The 34 seconds is certainly strange. What kind of a VM is it ?
Whats the memory allocated to each domain and dom0 ? (i.e. total system memory) ?
Do you mean it takes 34 seconds to see any output on the log file or to see the backup domU in paused state on the other node ?
Firstly, are you sure you have the sch_plug or sch_queue kernel module required for network buffering ?
(I am not sure about the naming. Grep for sch_ in tools/python/xen/remus/*.py)
I would start with the one VM config first, to make sure all cases (nonet, blackhole, failover, etc) work properly (without the 34 seconds stuff).
It is possible that the CPU in the primary is getting overloaded when you start the second remus, interrupting the first one and ultimately failing everything.
Thats because, when you start remus, the full VM state is copied over. Which requires a lot of spare memory and processing power in dom0.
So here are my suggestions:
1. Switch to DRBD 8.3.11 if it works (source available on this website)
2. Disable hyperthreading
3. Pin dom0 vcpu0 to cpu0. Give dom0 atleast two cores.
4. Pin the guests to remaining cores.
5. Start with one small sized VM and work your way up to 2 small VMs. Then bigger VMs.
6. If things still fail, modify the timeouts patch to make Remus wait a looong time before calling it quits. (make it arbitrarily huge like 30s or so). Do the same with the DRBD config file (as a starter, you can just replicate without disk. Just change the disk spec from DRBD to /dev/drbdN (N== the device associated with the resource.) Remus would complain that the disk is not replicated, but you can ignore that warning for now).
Hope this helps
shriram
Hello,
I have tried remus replication of two HVM VMs without any success.
dom0 setup:
CentOS release 6.3
Linux 2.6.32.57-2.el6xen.x86_64 #1 SMP Wed Aug 1 14:17:44 EDT 2012 x86_64 qemu logdirty mode: disable6_64 x86_64 Gnu Linux
Xen version: 4.1.2
drbd version 8.3.9
eth0/1 speed: 1000Mb/s
I am using protocol D for disk replication, and remus for HVM CPU and Memory replication.
hw setup: Intel Core i7-2720QM @ 2.2 GHz, bios settings, Advanced -> Processor & clock options, EIST and Turbo boost technology enabled, Virtualization technoogy enabled.
-I staggered the start of the remu sreplication of each VM (remus -i 100 vm host > /var/log/vm.log 2>&1 &) to decrease the intiial CPU load spike that can be seen using xentop for example.

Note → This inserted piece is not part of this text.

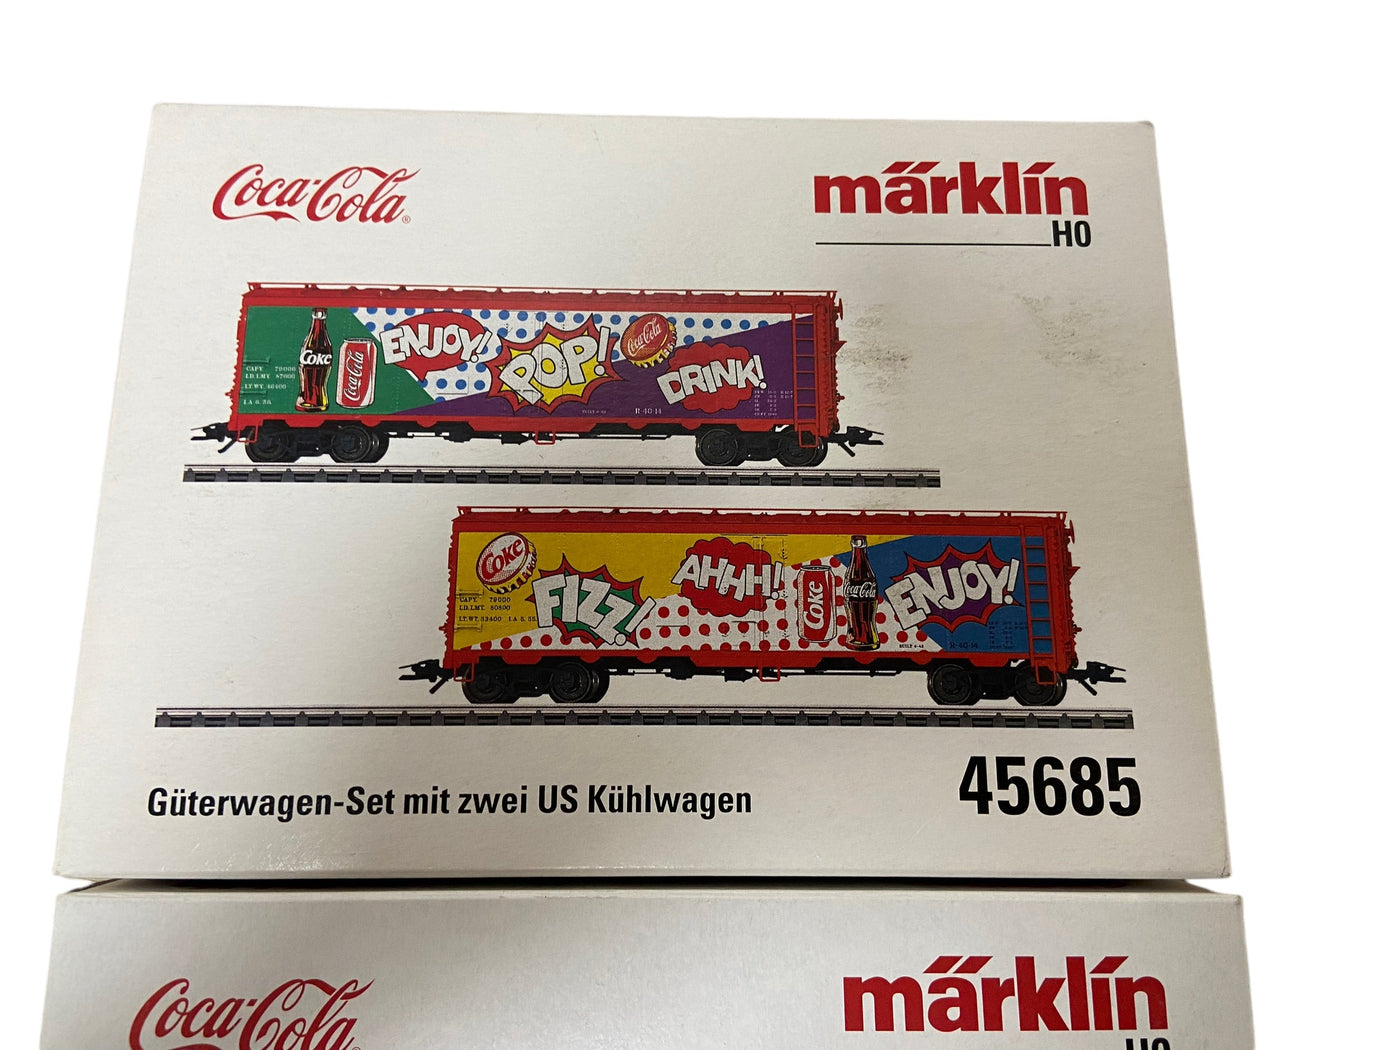 Marklin CocaCola sets - 45685 - 45687 - 45686 - NEW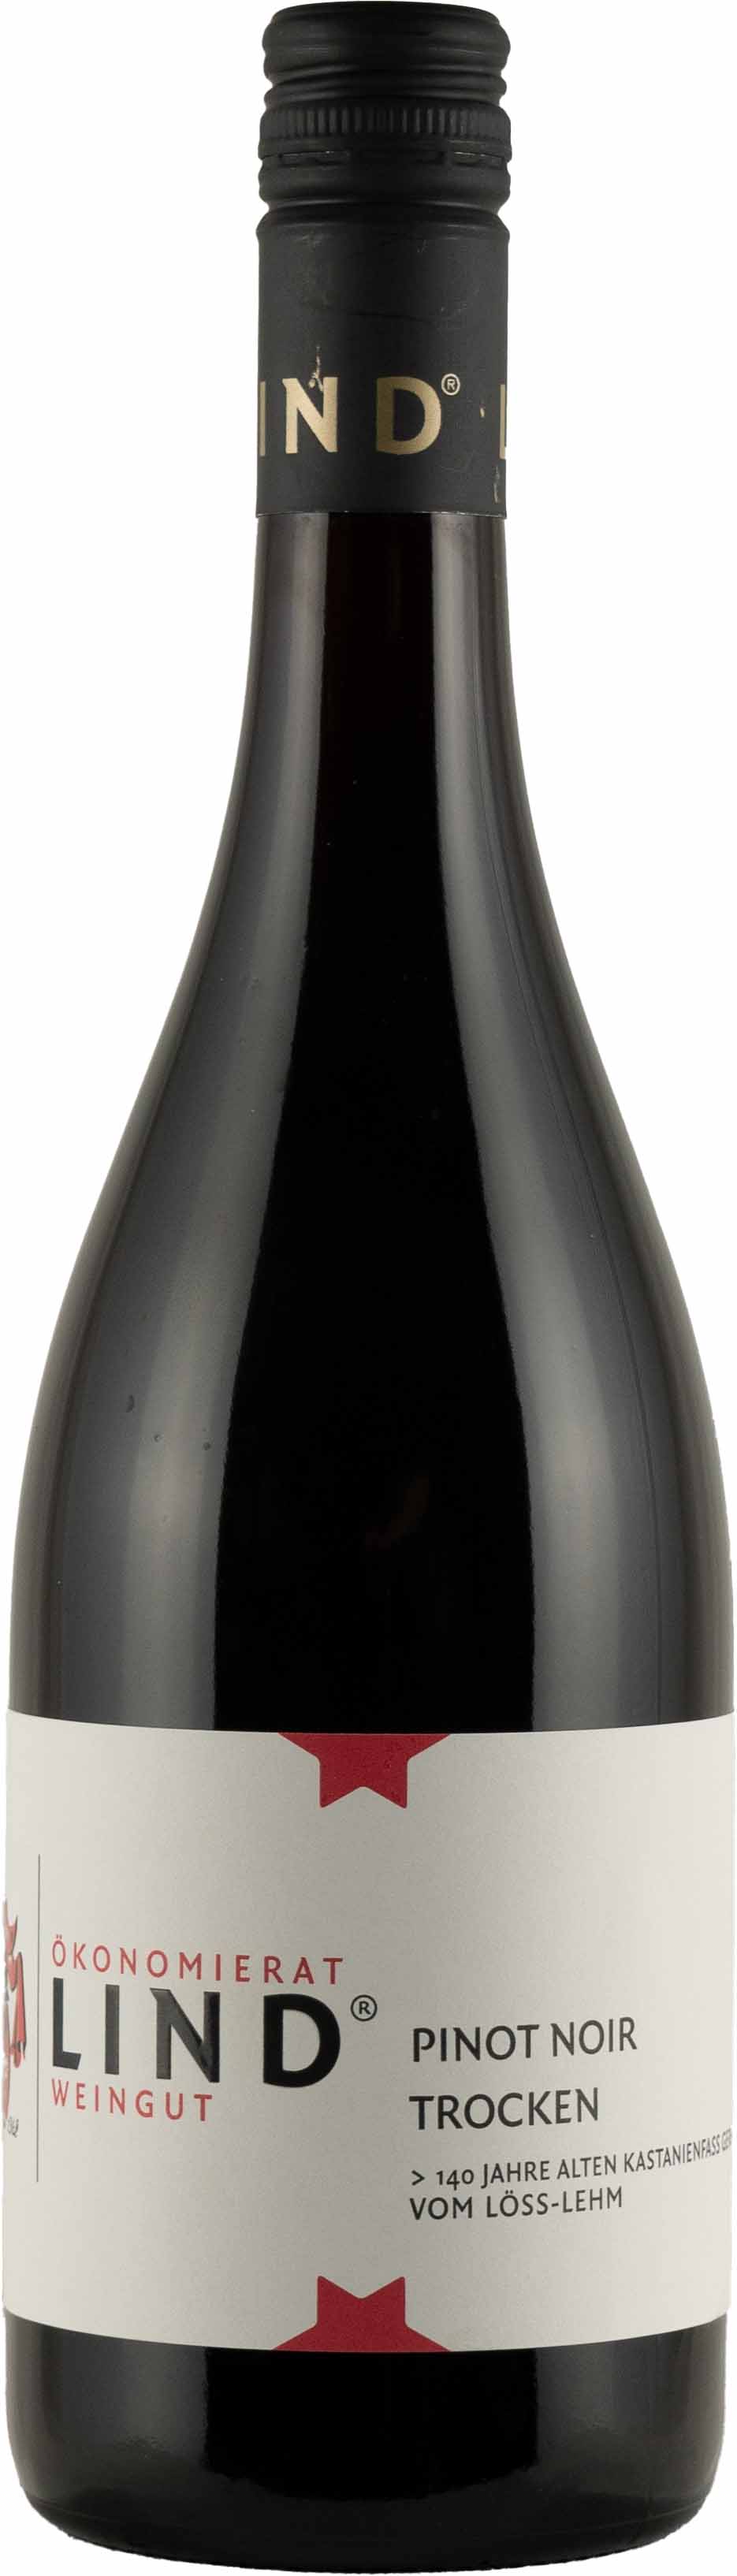 2021 Pinot Noir trocken Mandelpfad 0,75 L - Weingut Ökonomierat Lind

This failed.
-I tried increasing the replication interval from 100 ms to 500ms and then to 1000ms. Both attempts failed.
-I then tried replicating with options —blackhole and —no-net, to eliminate any potential disk or network buffering issues. This failed too.
-I tried setting disk type to xvda instead of hda. That failed too.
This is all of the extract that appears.